I have to get the debt gone! Once I have $1,000,000 and enough to pay off the mortgage, I’m done. I still have a while…
Great month (thanks Apple!). We have had a good year so far (portfolio up 8.5% from Jan 1st to March 1st (not including $26k of new contributions so far this year).
One question is why are you not changing your goal now that you have had a great run up over the past couple of years and have exceeded the target for 2017? I get the possibility of some market declines but at least on an annual basis update it (say for 2015 your new goal is to get your investment portfolio to $1.1M.
“One question is why are you not changing your goal now that you have had a great run up over the past couple of years and have exceeded the target for 2017?”

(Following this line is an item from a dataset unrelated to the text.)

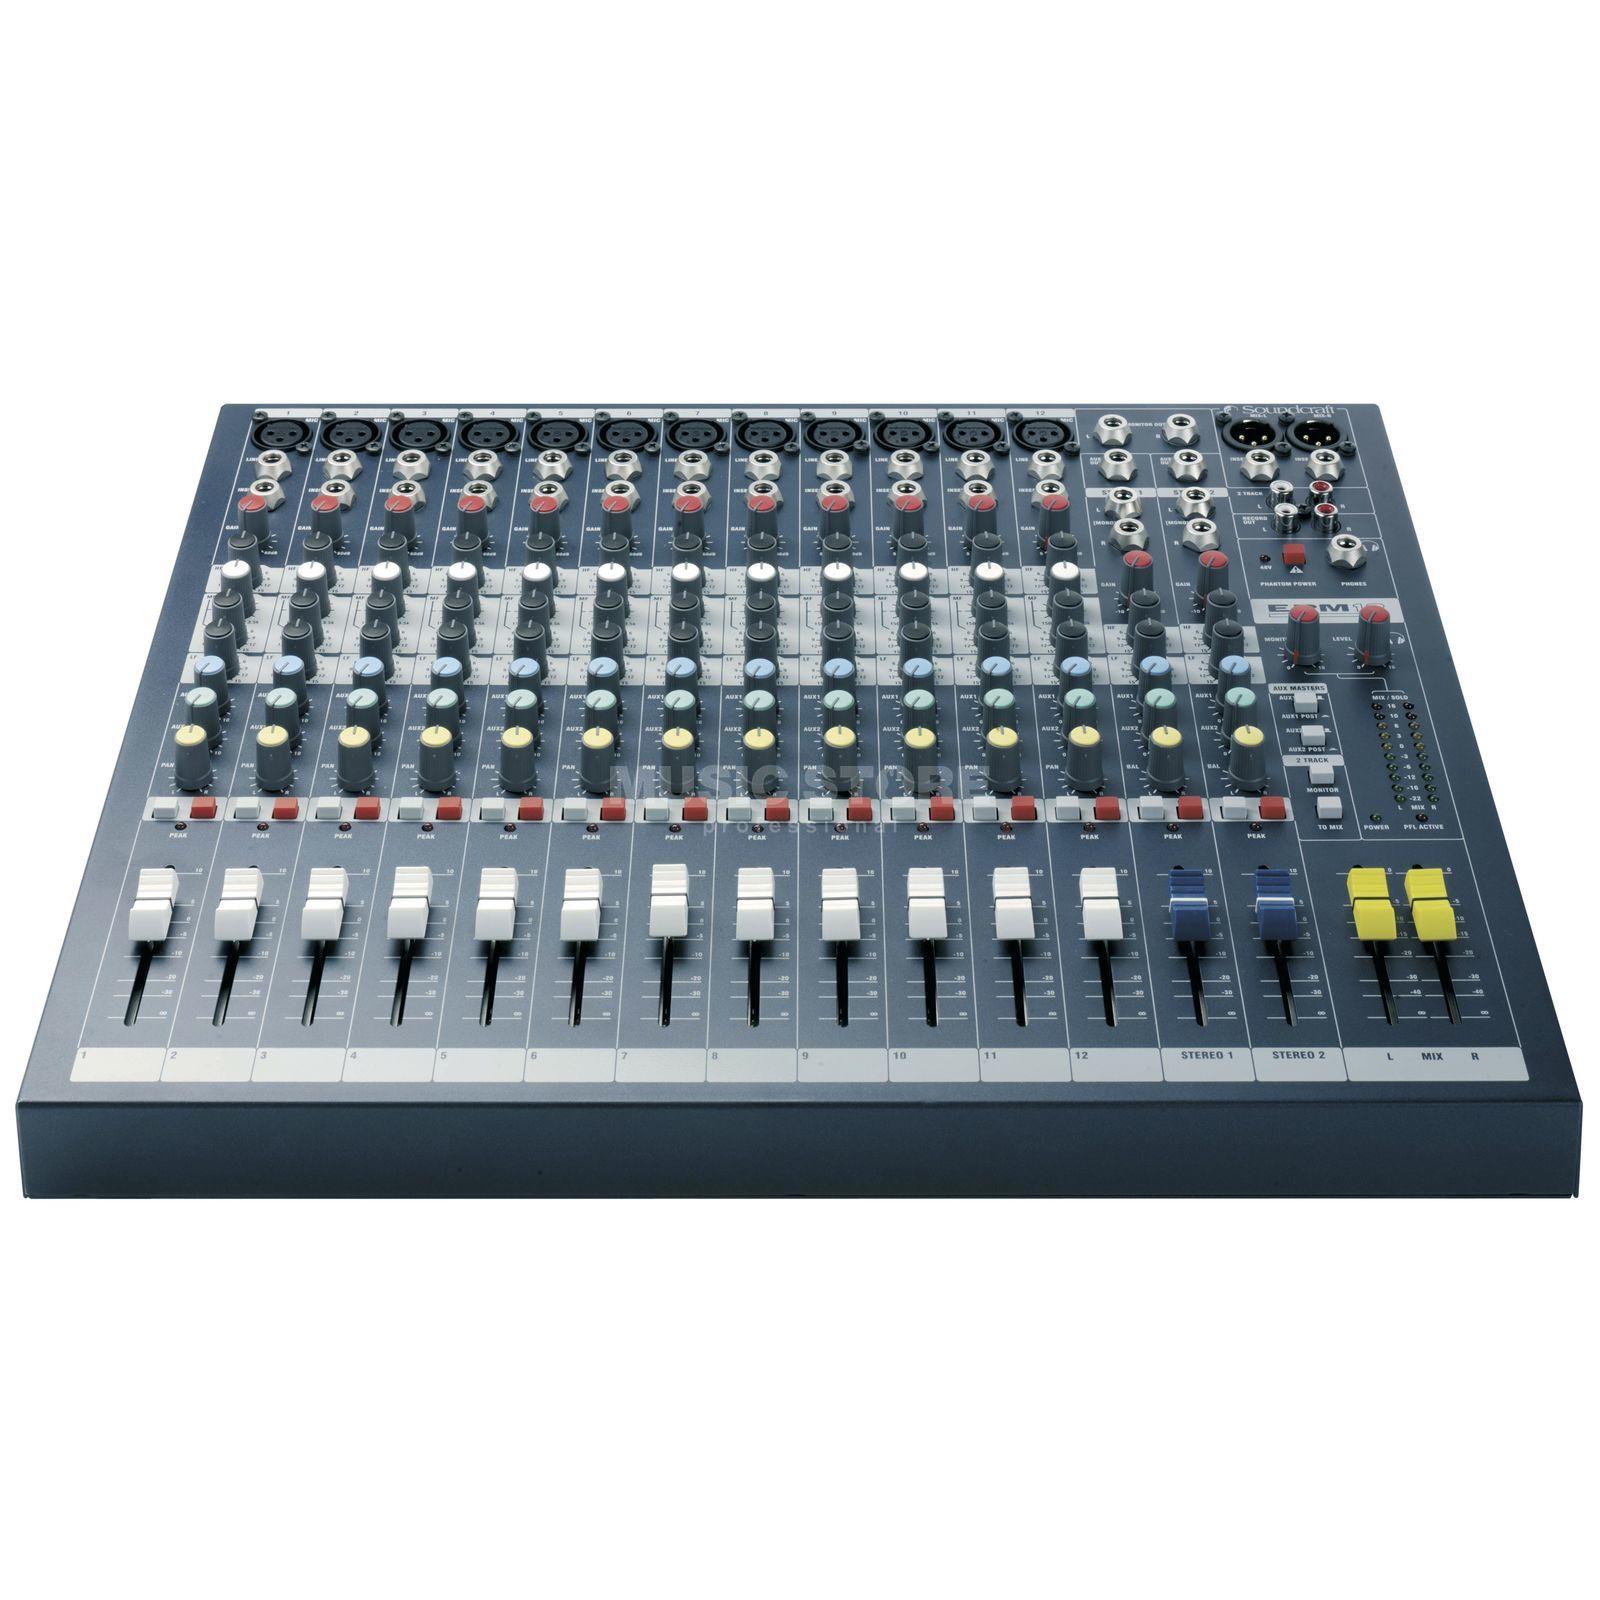 Soundcraft epm 12 mesa de mezcla compacta 12 mono 2 canales est reo - Mesa de mezclas 2 canales ...

I am not a market timer, but I completely expect a 20% correction at some point. It would not surprise me at all if my portfolio falls below 900K in the next two years. Valuations have reached scary heights lately and I’m not comfortable with it. Here is a pretty good article about valuations and long term market performance:
https://www.kitces.com/blog/shiller-cape-market-valuation-terrible-for-market-timing-but-valuable-for-long-term-retirement-planning/
I think I already know the outcome, but have you given thought to your asset allocation once you hit your “number?” If you have your $1mil why take any risk at all?
I have read everyone of the 50 letters! They are so awesome but this is by far the best one!